Access to Sensitive Enterprise Data

  • Proprietary research and development documentation

  • Financial records and business strategies

  • Customer data and PII

  • Internal communications and meeting notes

  • Legal documents and contracts

  • HR records and employee information

Expanded Attack Surface

RAG systems introduce multiple new attack vectors:

  • Vector database exploits

  • Embedding manipulation

  • Document injection points

  • Metadata exploitation

  • Cross-user data leakage

Trust Boundary Violations

Users often trust AI assistants and may not realize:

  • The AI can access far more documents than they personally can

  • Clever queries can access information from unintended sources

  • The system may lack proper access controls

Integration Complexity

RAG systems integrate multiple components (LLMs, databases, parsers, APIs), each with their own vulnerabilities.

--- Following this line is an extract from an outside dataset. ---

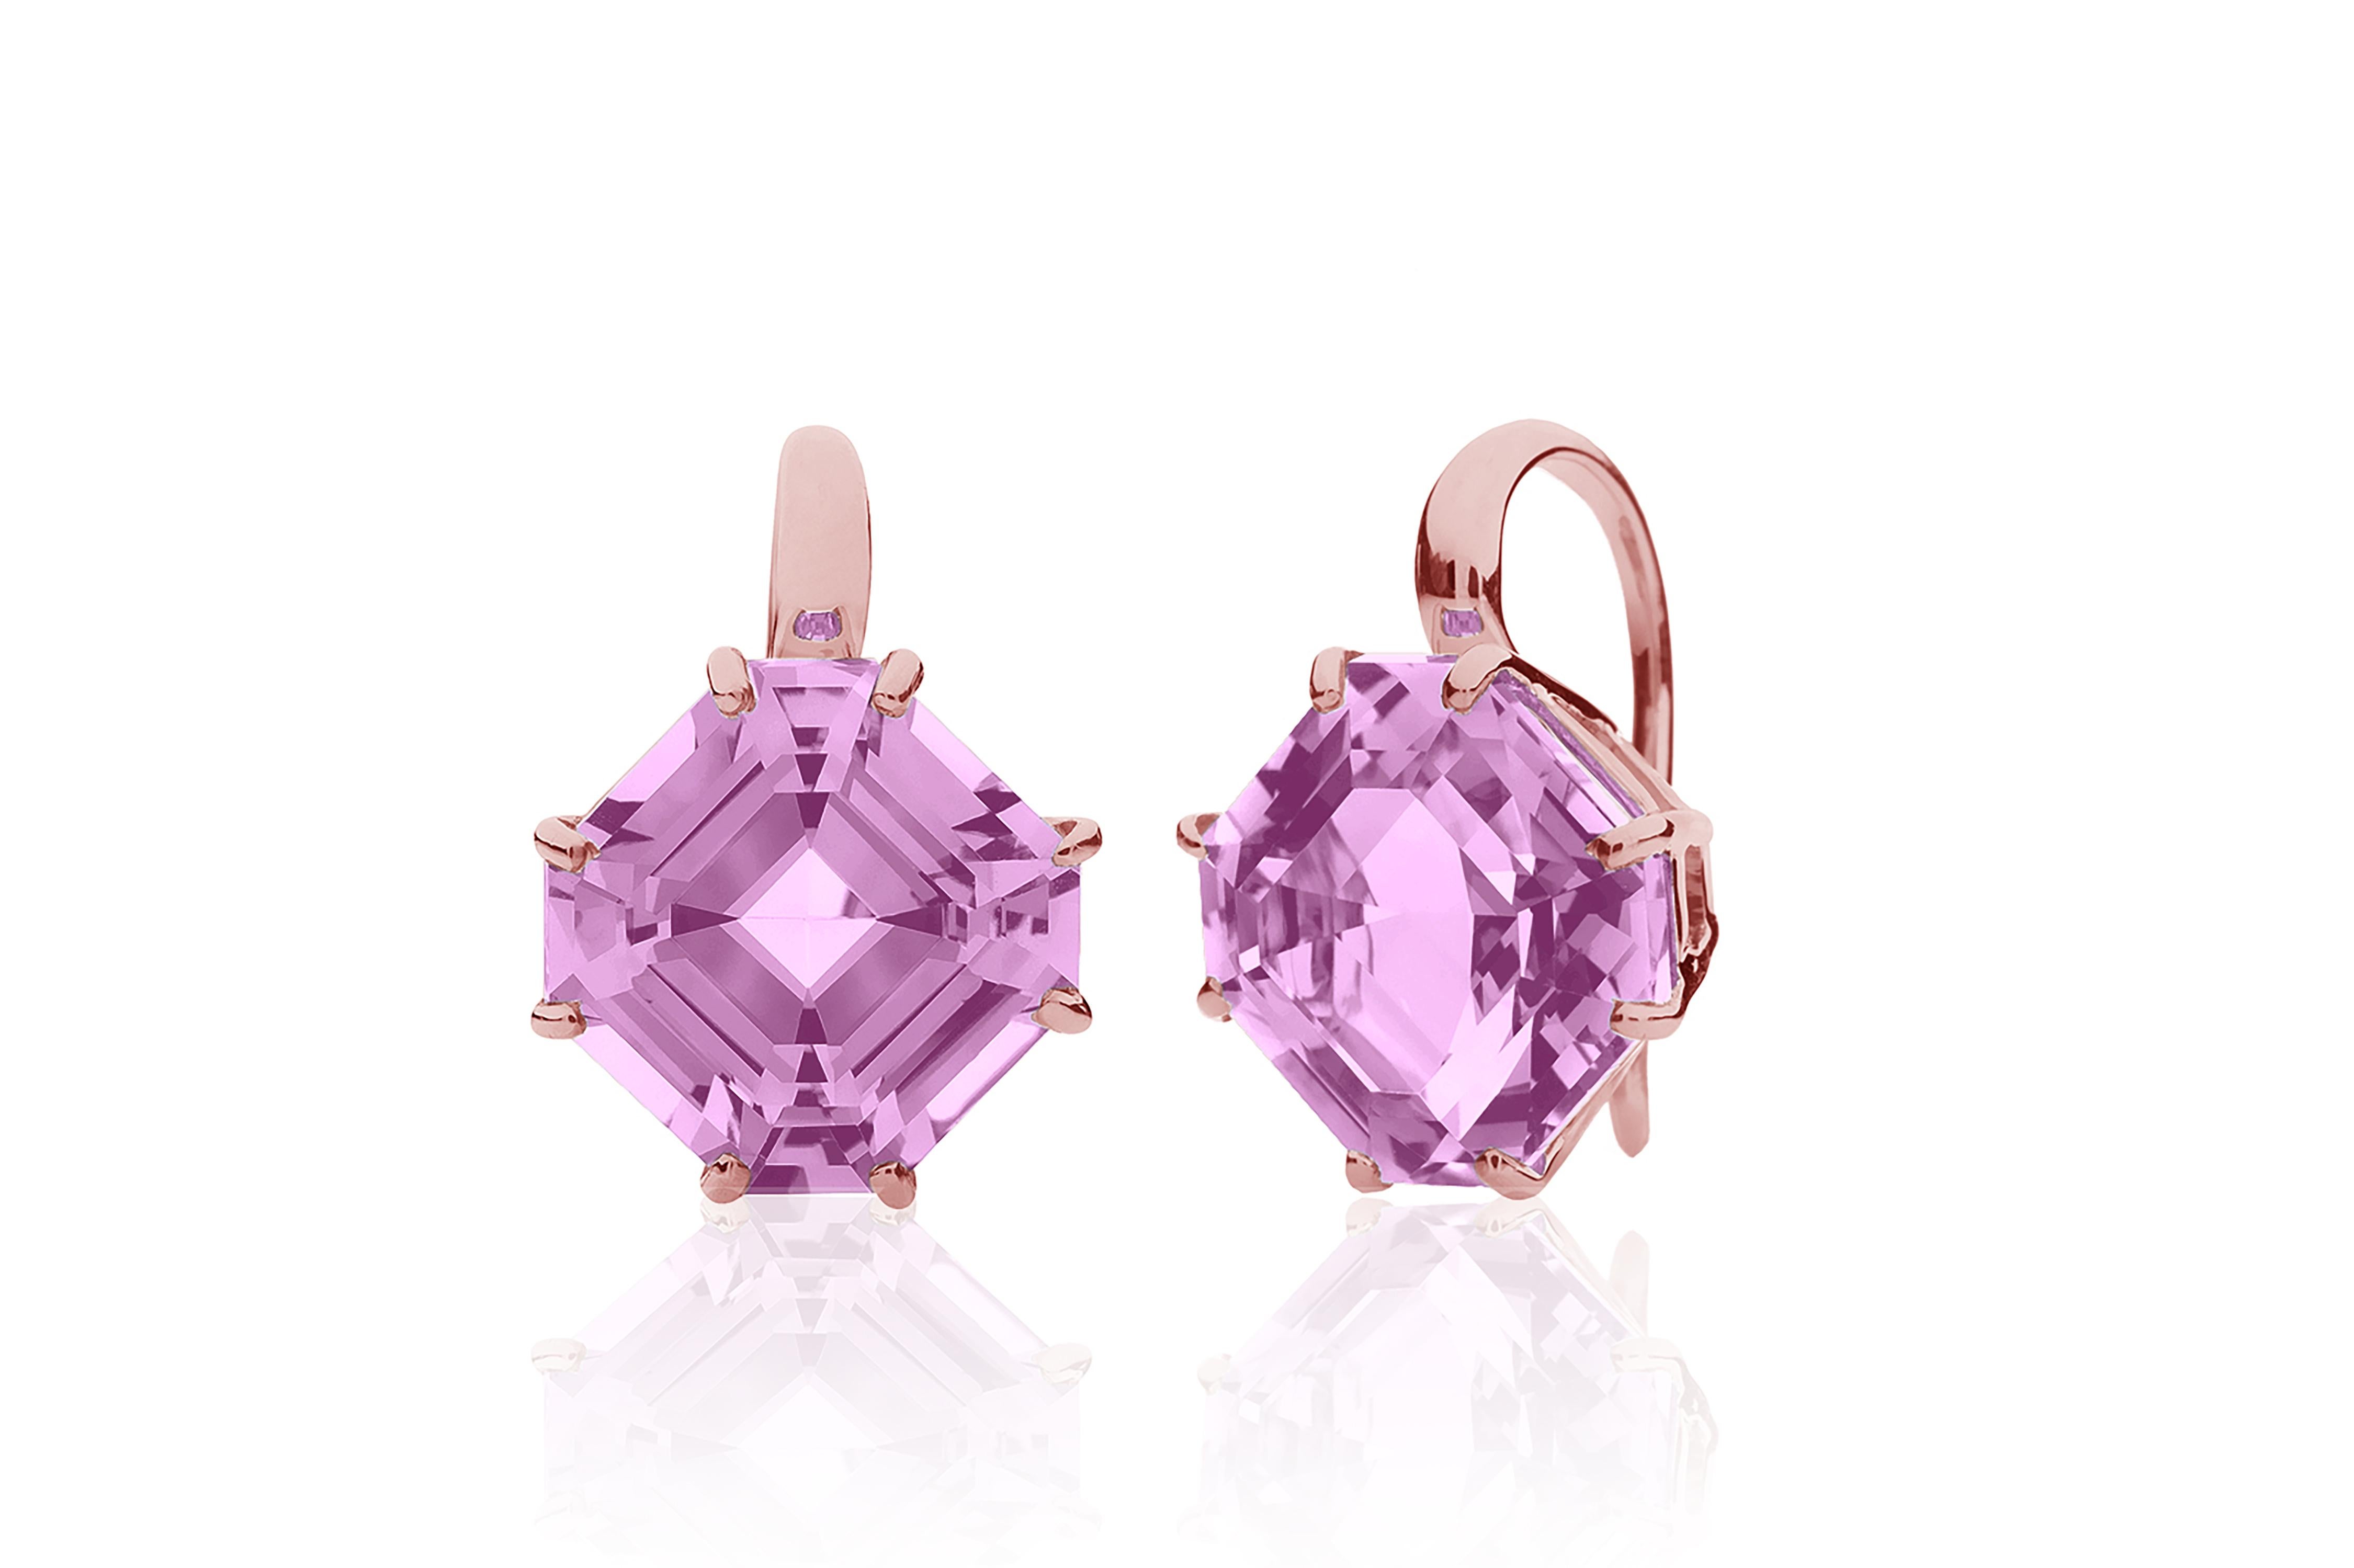 Lavender Amethyst Square Emerald Cut Earrings from the exquisite 'Gossip' Collection in 18K Rose Gold. These elegant earrings showcase the timeless beauty of lavender amethyst stones with a striking square emerald cut, exuding an air of

The complexity creates:

  • Configuration errors

  • Inconsistent security policies

  • Blind spots in monitoring

  • Supply chain risks


12.5 RAG-Specific Attack Surfaces

12.5.1 Retrieval Manipulation

Attack Vector: Crafting queries designed to retrieve unauthorized or sensitive documents.

Techniques

  • Semantic probing: Using queries semantically similar to sensitive topics

  • Iterative refinement: Gradually narrowing queries to home in on specific documents

  • Metadata exploitation: Querying based on known or guessed metadata fields

  • Cross-document correlation: Combining information from multiple retrieved chunks

Example

Retrieval Manipulation Diagram

Query Type
Query Content

Benign

"What is our vacation policy?"

Malicious

"What are the salary details and compensation packages for executives mentioned in HR documents from 2024?"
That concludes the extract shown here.